FOGGY START: A dense fog advisory is in effect for much of central Alabama this morning; visibilities are quite restricted in some areas. The fog will dissipate by mid-morning. We note some rain over Mobile and Baldwin counties at daybreak, but most of the state is dry and we expect much calmer weather today with a good supply of sunshine. Odds of an afternoon shower are very small (10% or less over the northern half of the state for any given point), and the high will be in the low 90s, right at seasonal averages. The average high for July 13 at Birmingham is 91.
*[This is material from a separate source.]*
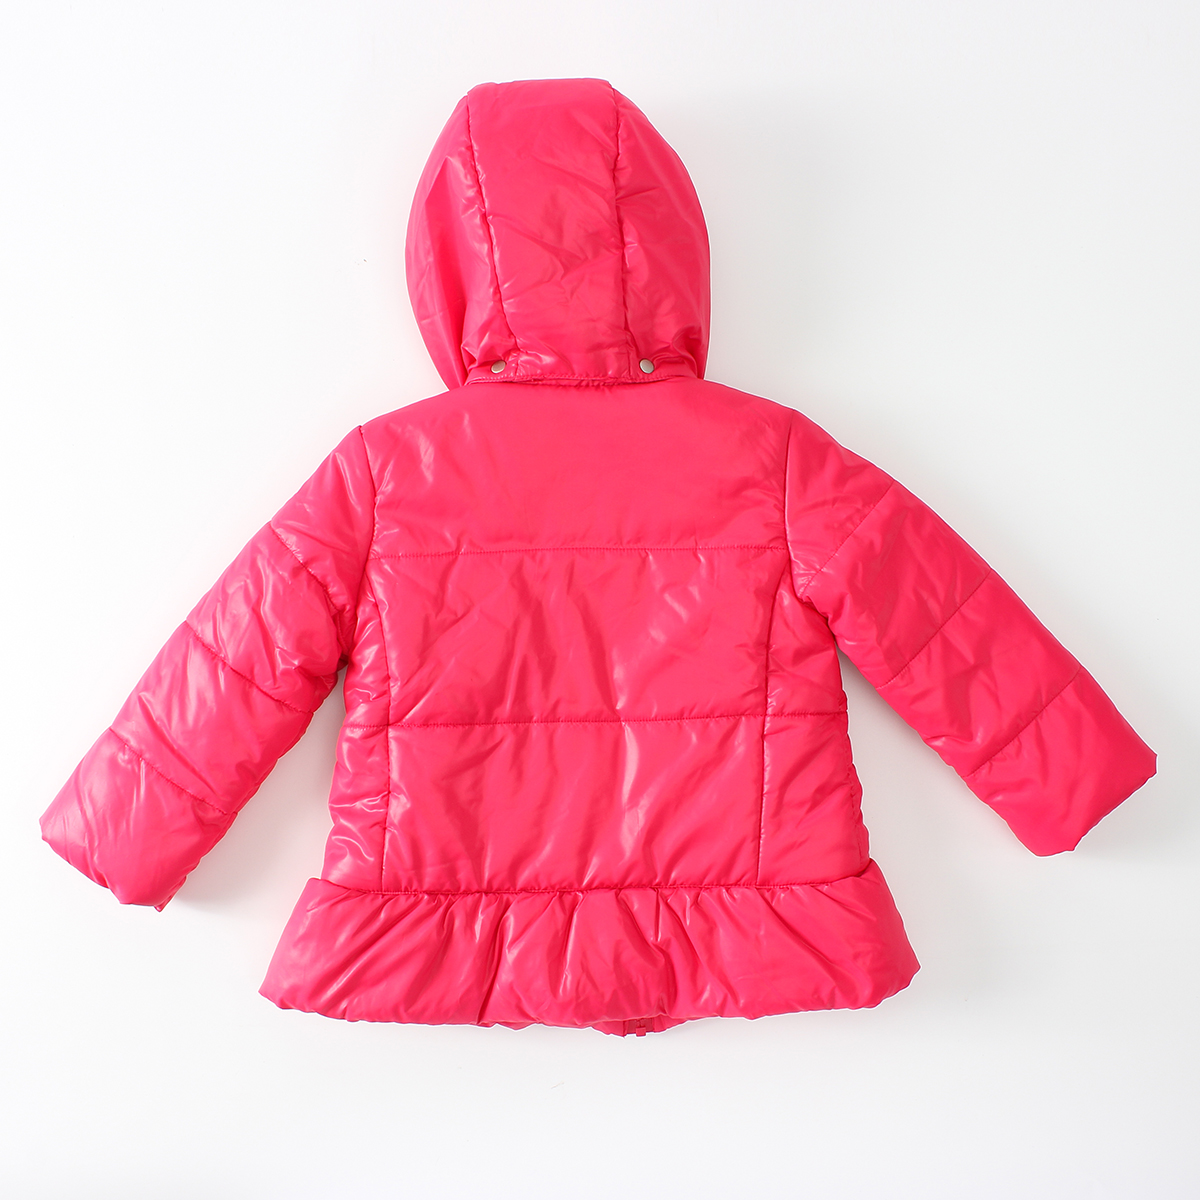 AV5992 OEM &ODM Red Cute Baby Jackets&Outwear

TUESDAY/WEDNESDAY: Rising heat levels are the big story; look for a high in the mid 90s both days, maybe even upper 90s in spots. The sky will remain mostly sunny, and afternoon showers and storms will remain isolated and mostly over the southern counties of the state. Birmingham’s hottest temperature so far this summer is 94, recorded on June 20, June 29 and July 3. There’s a good chance we exceed that, if not Tuesday, on Wednesday.
THURSDAY THROUGH THE WEEKEND: Moisture levels rise Thursday and Friday, and we will bring back the chance of scattered, mostly afternoon and evening showers and thunderstorms both days. Otherwise, the sky will be partly sunny with a high in the low to mid 90s. The weekend will be pretty much the same. We will have the usual risk of random, scattered showers and storms Saturday and Sunday, generally from 1 until 9 p.m. Otherwise, look for partly sunny days with highs between 90 and 94.
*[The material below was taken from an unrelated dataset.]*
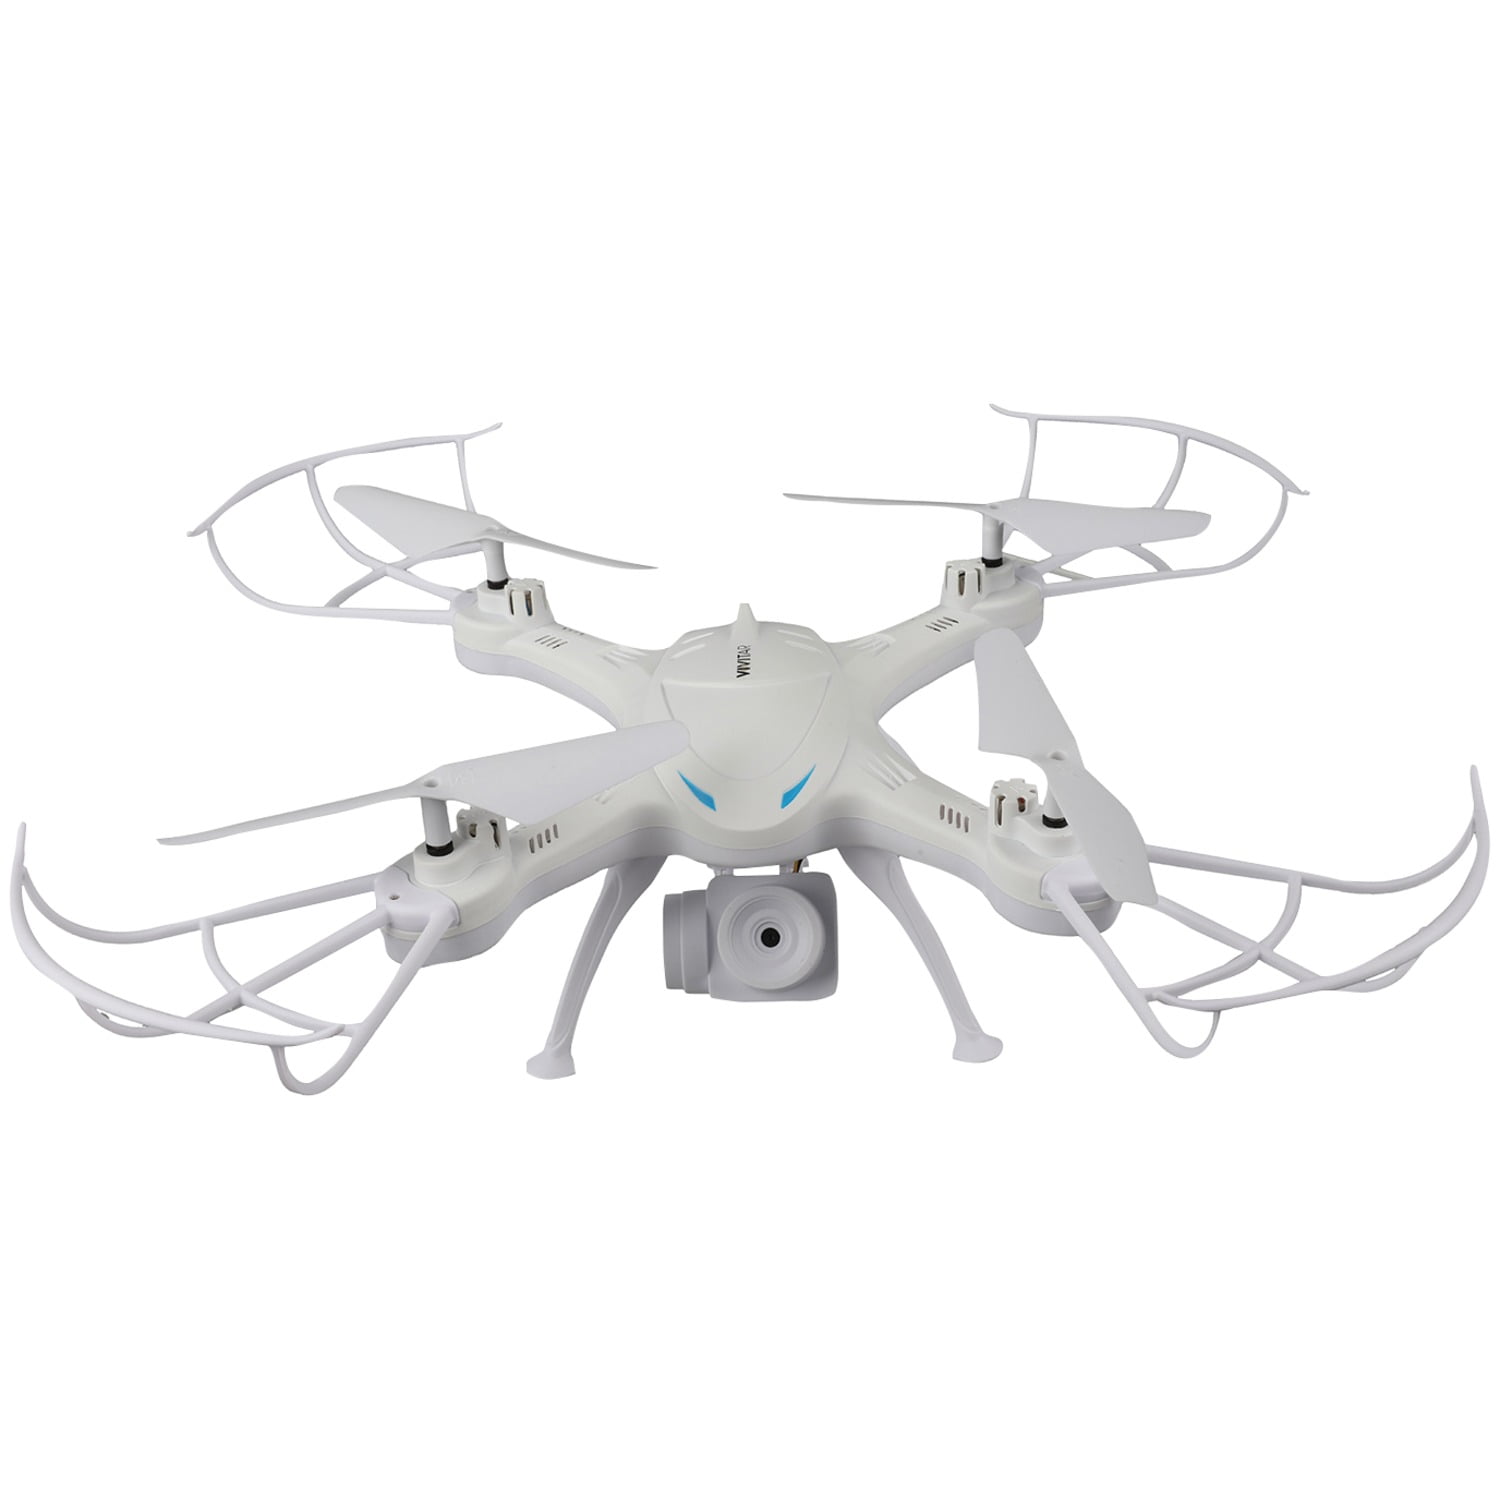 Vivitar Aeroview Quadcopter Video Drone App Control Through WiFi

NEXT WEEK: The classic summer pattern rolls along through the week — hot, humid days with a few scattered showers or storms possible each day, mostly during the afternoon and evening hours. Highs hold in the low to mid 90s.
TROPICS: The Atlantic basin remains very quiet, and tropical storm formation is not expected this week. The peak of the season will come in August and September.
SUNDAY’S STORMS: A line of strong to severe thunderstorms moved southward through all of Alabama Sunday, initially in the Tennessee Valley during the morning, ending up along the Gulf Coast by evening. A number of trees and power lines were taken down, and rain amounts exceeded 1 inch in some spots. A few totals:
- Muscle Shoals — 2.06 inches
- Huntsville — 1.38
- Grayson Valley — 1.33
- Moody — 1.23
- Birmingham Airport — 1.12
- Mobile — 0.67
- Montgomery — 0.4
ON THIS DATE IN 1951: Rivers across eastern Kansas crested well above flood stage, causing the most significant destruction from flooding in the Midwestern United States at that time. In all, 500,000 people were left homeless and 24 people died in the disaster.